Wednesday, May 30, 2012

Creative directors aren't people.

          What I finally learned about putting my portfolio together was that my cereal ad wasn't there to sell cereal, my airline ad wasn't there to sell seats, and my whiskey ad wasn't there to help people socialize at the end of the day.

           They were all in my book to sell the same thing: me.

           Creative directors aren't going to read your portfolio the way your friends read a magazine. They look at it mainly because they have to. At the end of a long day making and critiquing ads for their clients, their job description says they have to look at more. They have a position to fill, have to help a young person start her career, or simply take the temperature of the available talent out there.
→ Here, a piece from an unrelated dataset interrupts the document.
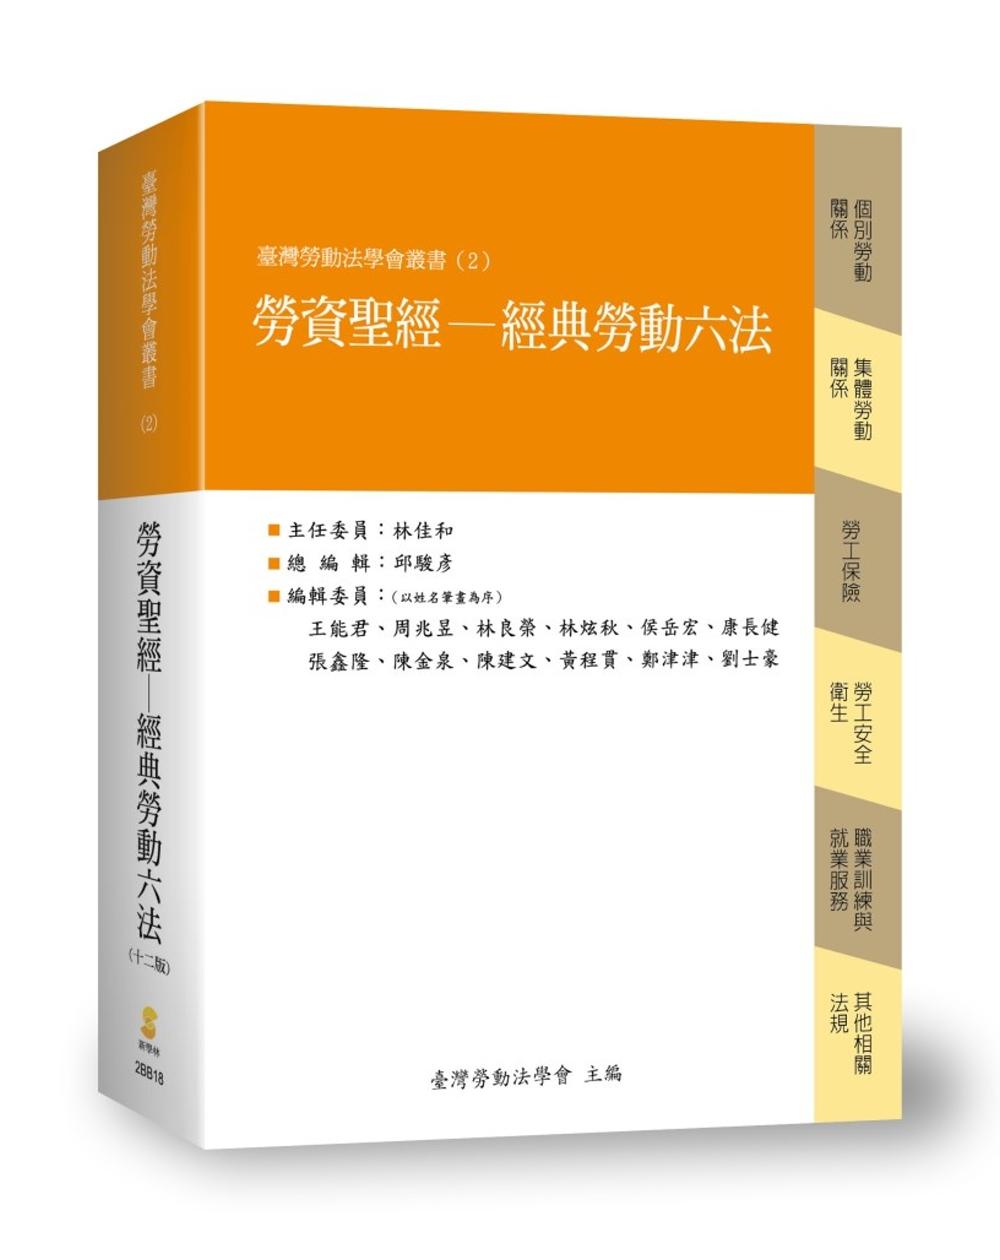 勞資聖經:經典勞動六法(12版)

            Keep all that in mind. The creative director or recruiter is daring you to make them smile and even laugh. Your job has to impress. Break the ice. Demonstrate that you can land running. Your job is to convince them they need you. Not because you knew how to sell cereal, but because you can come up with ideas for them, to make the creative director rich and famous.

             Your work has to be the kind the creative director doesn't want to slip away.

             It doesn't always work the way you want it to, though. When I was in my 20s and in New York on a photo shoot, a headhunter made an appointment for me to show my reel at one of the top ad agencies. The creative director went nuts over one of my commercials for Hush Puppies shoes. He called all his art directors and writers into the conference room to "show you the kind of commercials we should be doing".

             After his department saw it and filed out, I asked to hear more about the job. "No", he said,"I don't think you're right for our agency".

             Two weeks later, that same commercial got me a job at another agency. It also sold a lot of shoes.

             Today your samples have to be online, and it's even easier for the creative director to push the delete button. You may not be there to explain the problem and what a nifty solution you came up with and how the client gushed over it.

              Your work will be there, all alone, with a creative director who has seen everything.

               And is about to look you over.